Subtleties to compare against your version

  • Did you check path.parts[0] == "tests" (correct), or "tests" in path.parts (allows src/tests/... too — probably not what you want), or str(path).startswith("tests/") (cross-platform separator footgun)?
  • Did you write to stderr? Hook output to stdout is also displayed, but stderr is the convention for diagnostics.
  • Did you handle -- argument separators that pre-commit might pass? (It doesn't by default.)
  • Did you make the exit code 0 when given zero files? (Important — pre-commit's behavior on empty hooks.)

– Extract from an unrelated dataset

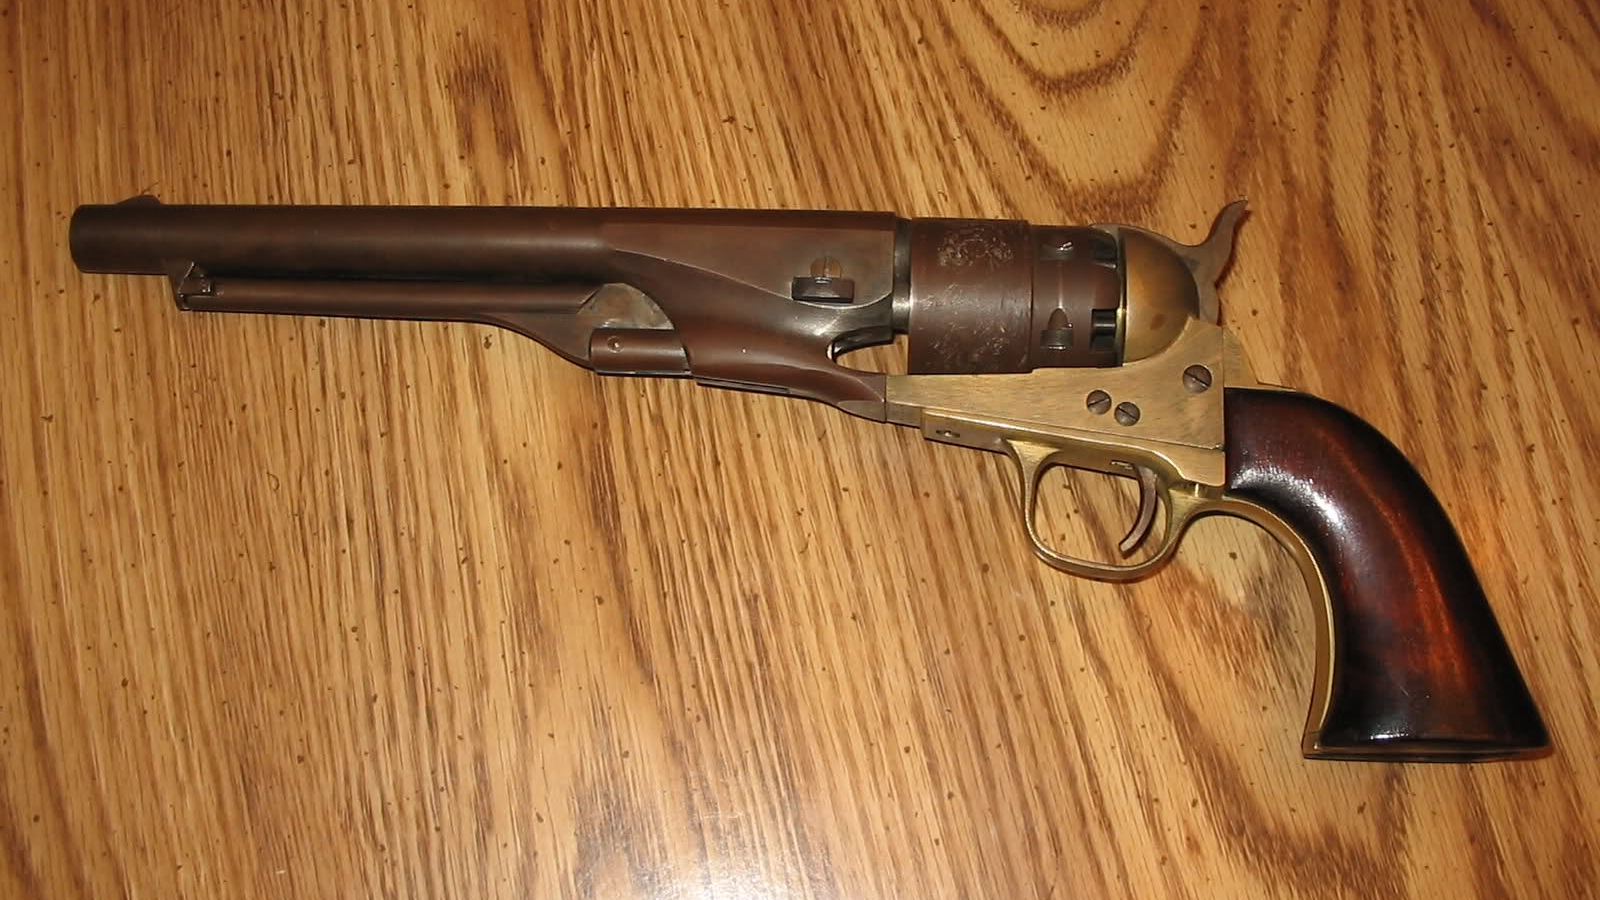 Скачать обои Кольт 1851 Морской Револьвер на телефон бесплатно
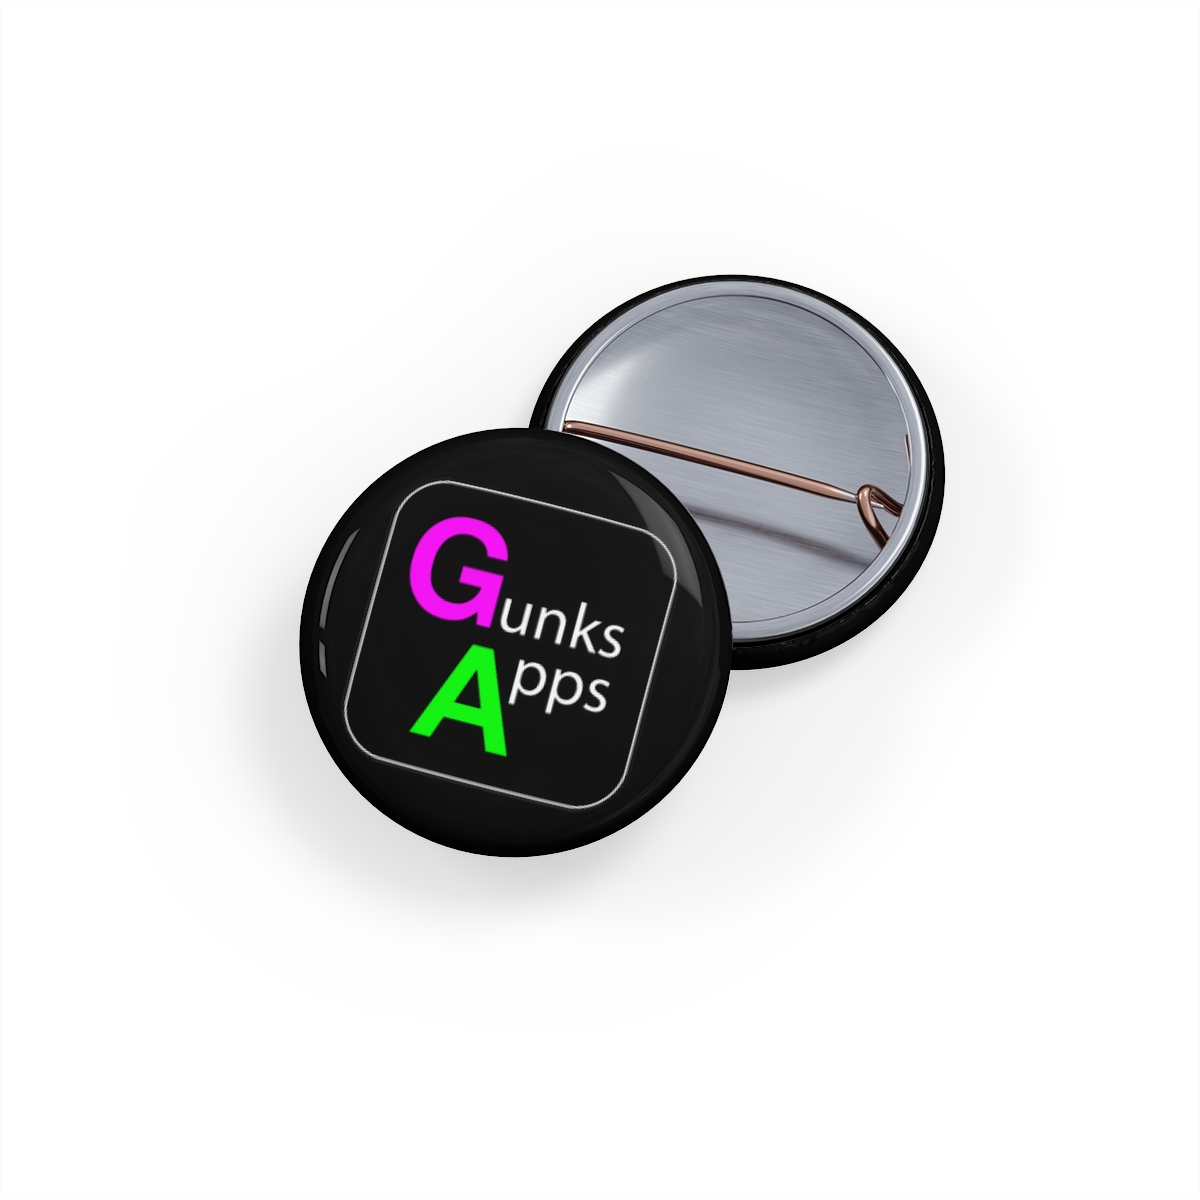 Gunks Apps Round Pins

What this hook does not cover (intentional)

  • Doesn't catch pickle = importlib.import_module("pickle"); pickle.loads(...). That's deliberate evasion; bandit handles it.
  • Doesn't catch cPickle.loads (Python 2). We're 3.11+.
  • Doesn't catch dill.loads, joblib.load, etc. Extend if you start using them — but at that point you're better off with bandit rules.

The hook is one layer. bandit is another. safetensors-only checkpoints are the real fix.